A study led by Yale researchers in the US revealed that babies less than one year old can tell the difference between helpful and unhelpful social types and show a preference for the former.

The study was the work of Kiley Hamlin, a graduate student at Yale University in New Haven, Connecticut, and colleagues, and is published in the 22nd November issue of the journal Nature.

The researchers showed that babies aged 6 months and 10 months who observed a puppet show could tell the difference between the helpful and unhelpful character, even though the events did not affect them directly.

After watching the show, the babies showed a preference for the character that helped one of the puppets who was trying to climb a hill, and did not show a preference for the character that behaved unhelpfully by hindering the progress of the climber.

Hamlin said that:

“We knew that babies were socially skilled, but we weren’t aware that they were so skilled that they could track people by their behavioural tendencies; how they might treat someone else.”

The babies watched a puppet show where a coloured round wooden block with “googly eyes” tried to climb a steep hill with little success. There were two scenes: one where the climber puppet was helped by another “good Samaritan” puppet who gave him a friendly push up the hill, and another where an “evil” puppet shoved the climber down the hill.
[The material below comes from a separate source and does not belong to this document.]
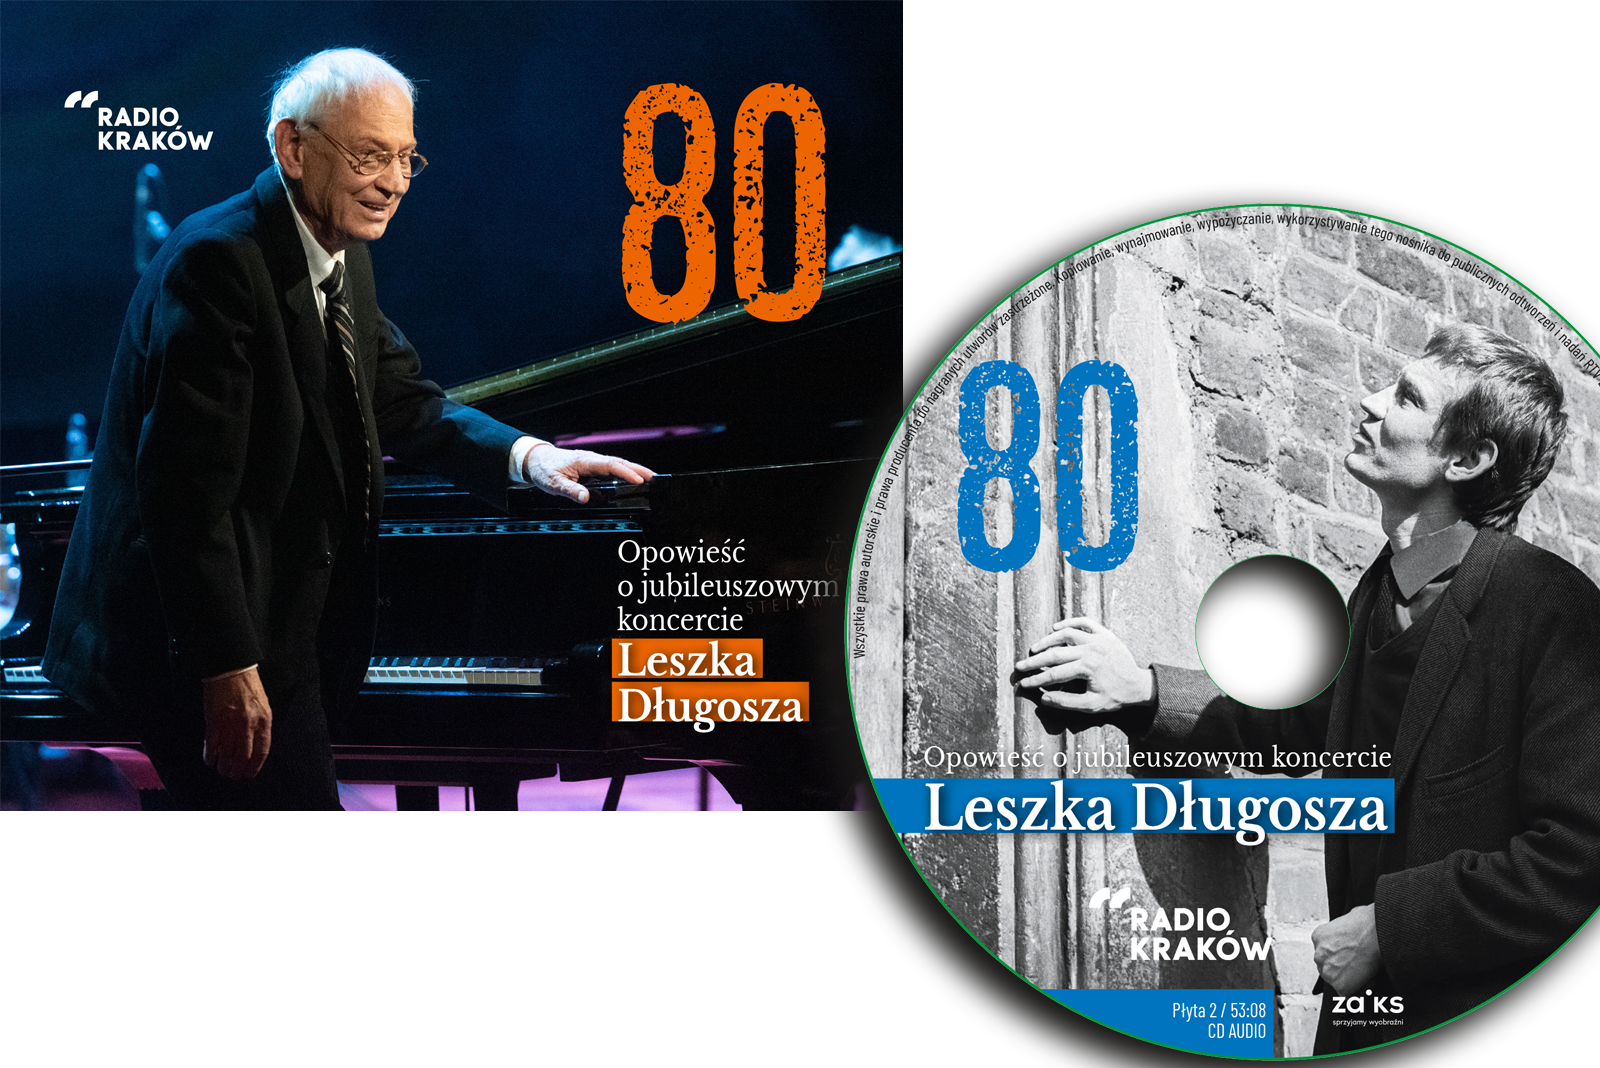 „80. Opowieść o jubileuszowym koncercie Leszka Długosza” – pamiątkowa płyta CD

After the puppet show that babies were given the opportunity to reach out for either the helpful puppet or the unhelpful puppet. Nearly all the babies reached for the helpful puppet. The researchers said this suggested that at least the babies were able to distinguish between the puppets. They also showed “some tendency towards the positive helper,” said Hamlin, who added that:

“We were shocked by the strength of the responses. We thought infants would be sensitive to the behaviour of others, but didn’t anticipate the extent of this.”

The researchers said the effect was not so strong when they removed the eyes from the puppets, suggesting that the babies identified with them as characters.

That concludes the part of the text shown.